Russie, Navalnyj : « Je connais les noms de ceux qui ont essayé de me tuer. »

« Je sais qui a voulu me tuer. Je sais où ils vivent. Là où ils travaillent. Je connais leurs vrais noms et leurs noms de couverture. J’ai leurs photos ». Ainsi commence l’invective que l’opposant russe Aleksej Navalnij a publiée sur son blog et YouTube pour commenter les résultats de l’enquête sur son empoisonnement en août dernier par Bellingcat et The Insider.ru en collaboration avec Cnn et Der Spiegel.

L’enquête révèle que trois agents des services secrets russes (Fsb) spécialisés dans les produits chimiques étaient arrivés à Tomsk juste la veille de l’empoisonnement de Navalnyj avec l’agent neurotoxique Novichok. « La moitié du Fsb devrait finir derrière les barreaux. Et il devrait en être de même pour Poutine, qui a donné l’ordre de m’empoisonner », poursuit Navalnyj, qui avait déjà pointé du doigt le président russe Vladimir Poutine comme l’instigateur de sa tentative d’assassinat.
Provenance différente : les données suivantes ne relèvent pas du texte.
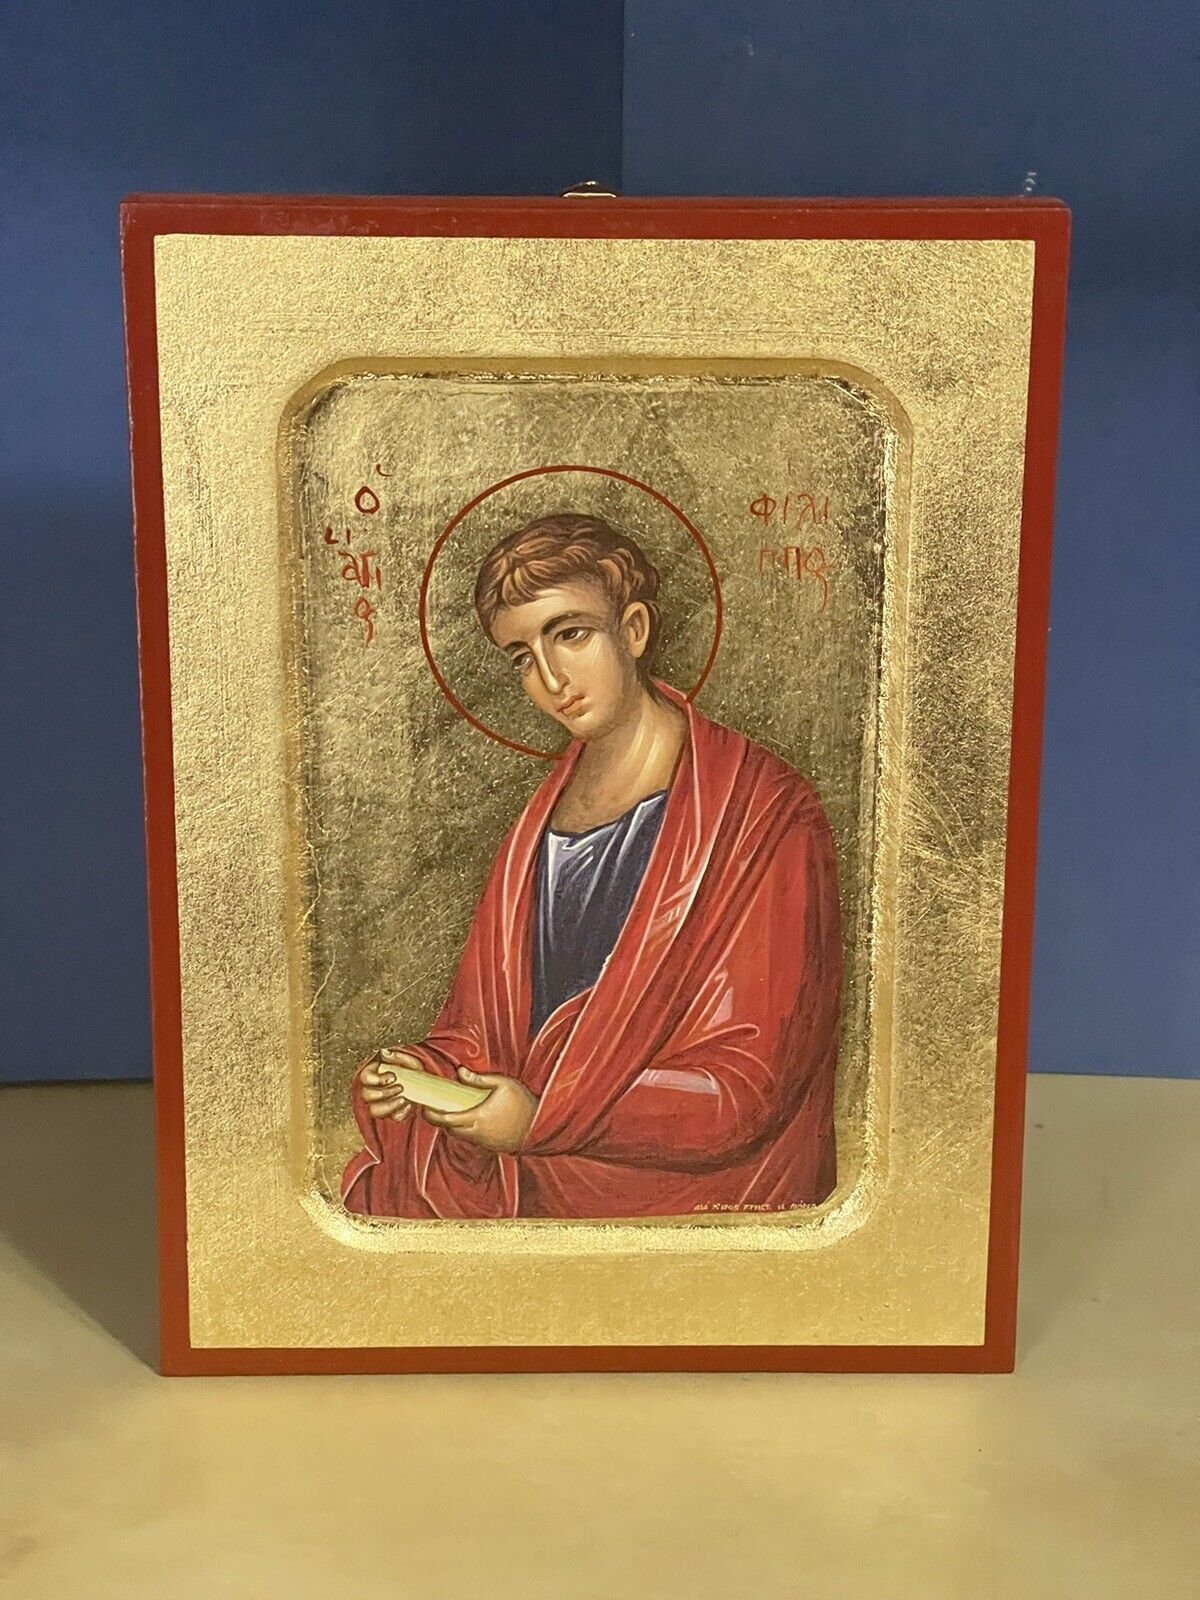 Saint Philip -ORTHODOX WOODEN ICON, CARVED WITH GILDING 6x8 inch

Grâce à l’analyse des données téléphoniques et des billets de voyage, le pool de journaux est parvenu à donner un nom aux trois hommes du Fsb : il s’agirait de Panaïev, Frolov et Spiridonov qui prendraient le même vol que Navalnyj pour Novossibirsk, première étape de sa tournée pré-électorale en Sibérie, puis ils réservent le retour à Moscou depuis Tomsk où la mission de l’opposition s’est terminée. Le vol de retour est prévu pour le 21 août, le lendemain de l’empoisonnement, mais tous trois modifient la réservation. « Quelque chose semble avoir mal tourné », écrit Navalnyj sur son blog.

Les hommes feraient partie d’une cellule de l’Institut criminel du Fsb, également connue sous le nom de NII-2 ou Unité militaire 34435, un groupe clandestin de personnel hautement qualifié dans la gestion du matériel chimique comprenant des scientifiques et d’anciens médecins. Bellingcat a pu identifier 15 membres, dont 8 étaient « en contact étroit à différents stades des opérations de pistage de Navalnyj dans les jours et les heures précédant son empoisonnement ».

L’opération aurait été menée en coordination avec la haute direction du service de sécurité héritier du Kgb. Zhirov, le directeur de Signal, le centre travaillant sur les inhibiteurs de la cholinestérase, auquel Novichok appartient, et qui dépend du Fsb, aurait parlé avec des agents du Fsb dans les jours précédant et suivant l’empoisonnement de Navalnyj. Notamment avec Vladimir Bogdanov, chef adjoint du service technique et scientifique du Fsb, le général Vasilev, directeur de l’Institut de criminalistique du Fsb (également connu sous le nom d’usine à poisons Kgb) et Makshakov, ancien chercheur du laboratoire chimique soviétique Shikhany.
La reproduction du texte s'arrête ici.